Holomorphic embedding method based Three-Phase power flow algorithm considering the sensitivity of the initial value

•A HEM based three-phase power flow model particularly for T&D systems is proposed.•Based on the matrix normal form transformation, a three-phase power flow matrix calculation structure, as well as its compact form of linear recursive equations, is constructed, with which different types of buses and grounding/ungrounded areas can be included.•The convergence principle of the proposed algorithm in solving the power flow problem to a physically meaningful solution is theoretically analyzed and verified with cases. The transmission network is generally considered as three-phase balanced, while the consideration of three-phase unbalance is mainly on distribution networks. However, with the increasingly interconnection of renewable energy, such as wind energy, onto transmission networks, non-adoption of commutation long transmission lines usually results in unbalanced line parameters. Therefore, developing reliable three-phase power flow algorithms for transmission and distribution (T&D) systems becomes more and more important for the reliable and safe operation of emerging power systems.

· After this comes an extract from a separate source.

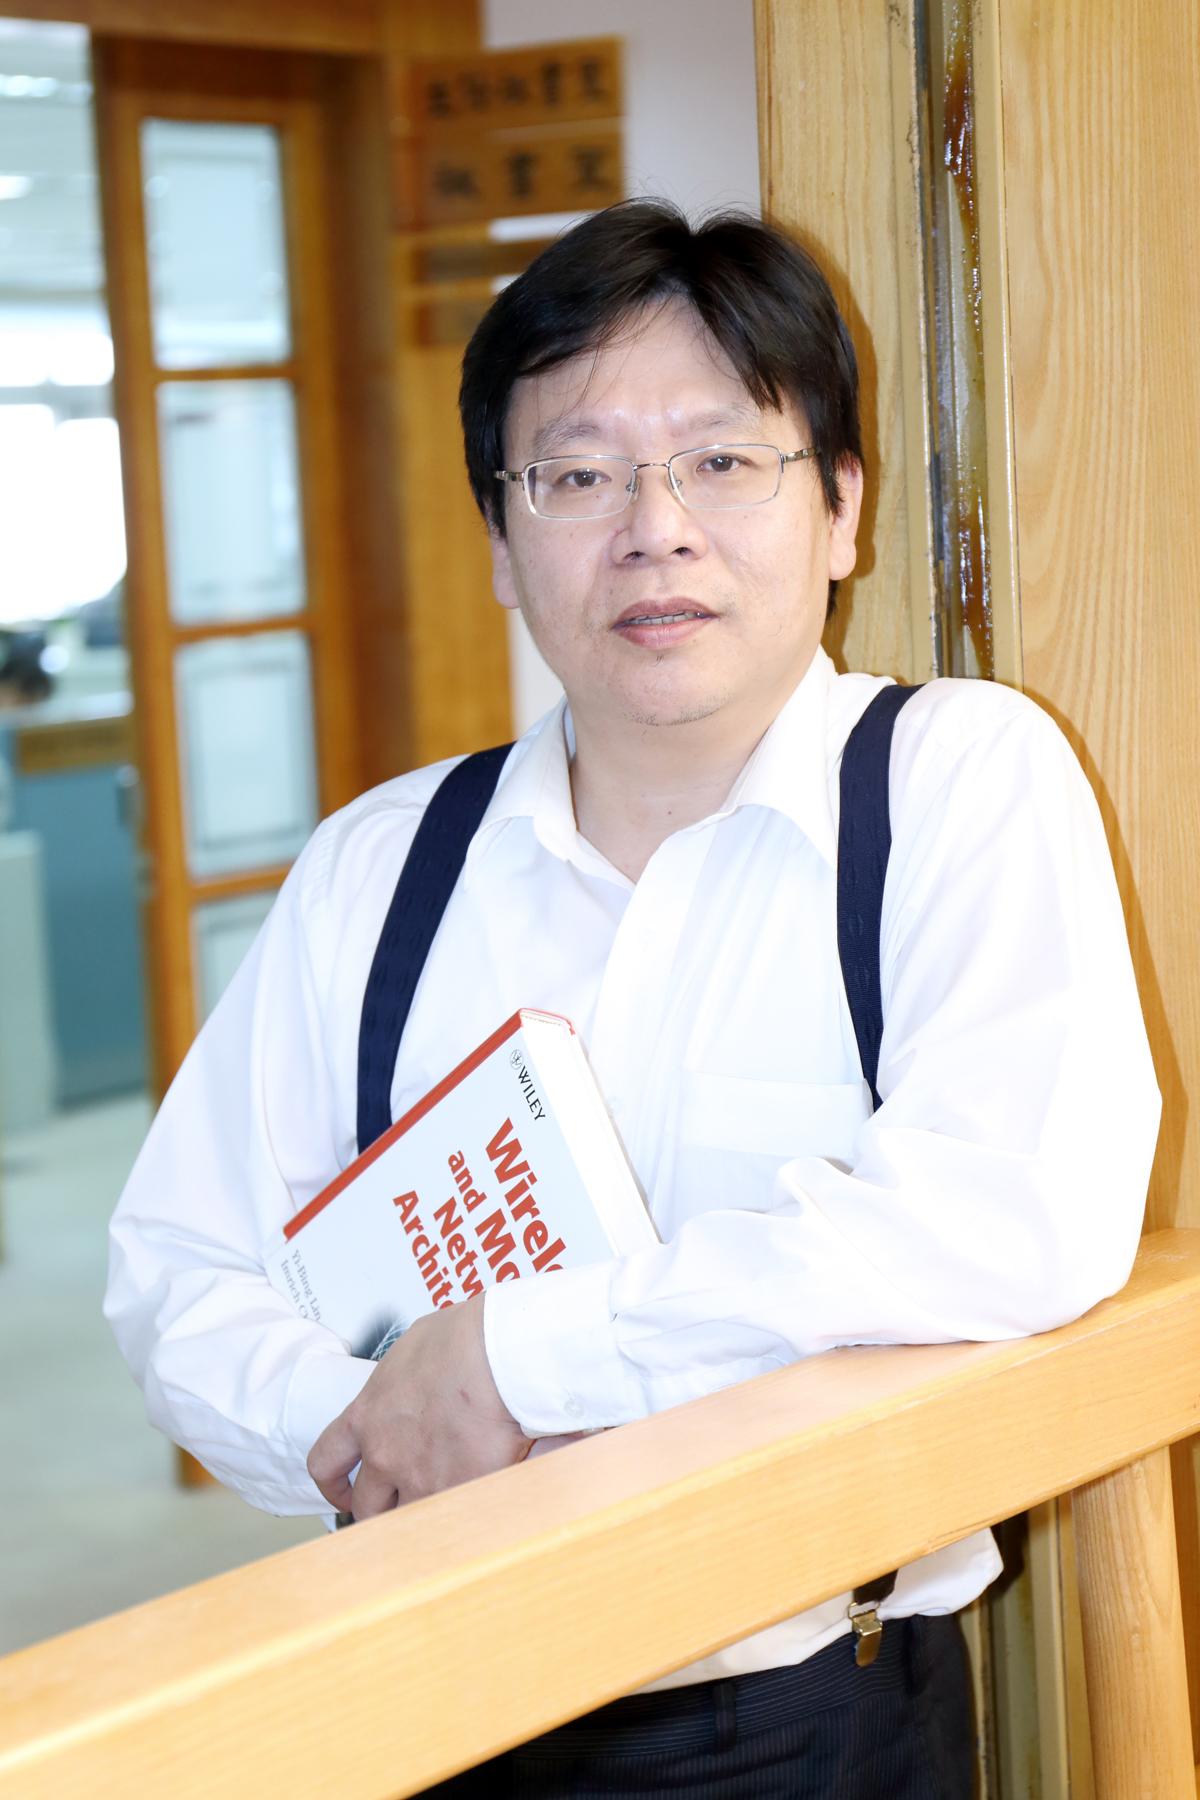 Jason Yi-Bing Lin

Among the many three-phase power flow algorithms, Newton Raphson method (NRM) and its variants occupy a large share, due to their ability in dealing with multiple sources and looped sub-networks. However, they are sensitive to the initial value, and can hardly ensure convergence to a physically meaningful solution with improper initial values, especially for three-phase unbalanced system. To this end, a general three-phase power flow method for T&D systems is proposed based on the holomorphic embedding method (HEM), and the advantages of the proposed method compared with traditional NRM in solving the power flow problem to a physically meaningful solution are theoretically analyzed. Based on the IEEE 33 system, the modified IEEE 123 system, and a regional power grid in China, it is verified that the proposed method has the advantages of high computational efficiency, reliable converging ability, and independence to the initial value.